Aro ek dojon
Another of a dozen of Satyajit Ray's short story collection following Ek Dajon Gappo including three Feluda stories that I picked up from my collection this time for revisiting the wonders of Ray. The content and their briefs are as
1. Professor Hijibijbij is a tribute to Ray's father and to his fantastic creations depicted in Abol Tabol and Ha-Ja-Ba-Ra-La that were brought to life by the eccentric professor of the story. But the final paragraphs seem to warn the readers of the dangers of defying nature.
2. Fritz deals with the supernaturals with an ending to send the head reeling in awe.

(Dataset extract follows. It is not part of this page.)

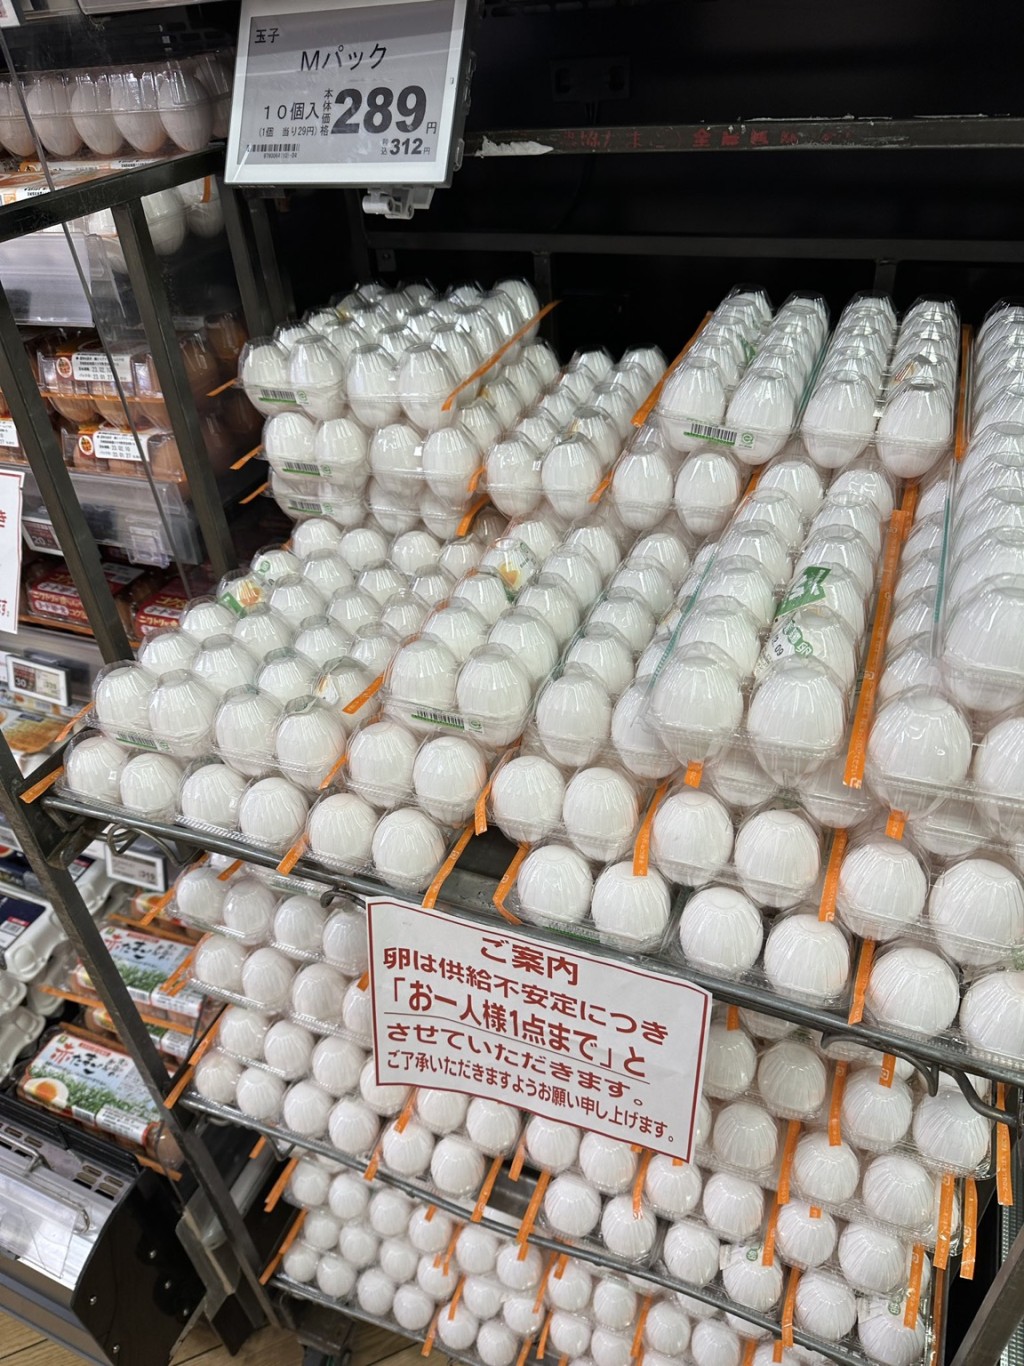 有商店限每人购买一排鸡蛋。 网上图片

3. Brown Saheber Bungalow is a ghost story with an unique twist at the climax.
4. Sadanander Khude Jagat is written from the perspective of a child who could hear the ants’ voices.
5. Khagam is another spine chilling horror story of a saint who loved snakes and his pet one in particular.
6. Ratanbabau aar Shei Lokta is a queer story in which a lonely traveller meets a man who seemed to be his carbon copy in both appearance and nature. But though in one hand Ratanbabu seemed to get his right mate but the resemblence seemed to be getting discomfortingly painful which drove him to commit a murder and bear the consequence that was beyond his wildest dreams.
7. Bhakta is the most fascinating of the stories in which again resemblance plays the central role and an ordinary holidaying man finds himself trapped in the fan-circle of a renowned writer.
8. Batikbabu is another of Ray’s wonderful creation where obsession to a queer hobby drives a person to sheer madness.
9. Barin Bhoumiker Beram is one of Ray’s excellent pieces where the ultimate twist is in the final few lines.
10. Sheyal Debota Rahasya introduces Feluda to the case of an antique thief which he solves with his naturally sharp intellect.
11. Samaddarer Chaabi sets Feluda to a treasure hunt based on the queer few words which the dead man utters moments before his death. But villains prowl behind the shadows and it is to be seen how Feluda manages to catch them while recovering the treasure. Curiously, this story is devoid of any picture while the previous one had two sketches to the credit.
12. Ghurghutiar Ghatana is yet another case with Feluda solving a riddle to open a combination lock but the revelation of the vilest mind is again exposed by his quick wit. As in the previous two, this story was also written before Sonar Kella and so no Lalmohanbabu is there for a comic relief though the modulated pace of the story never seemed to need one.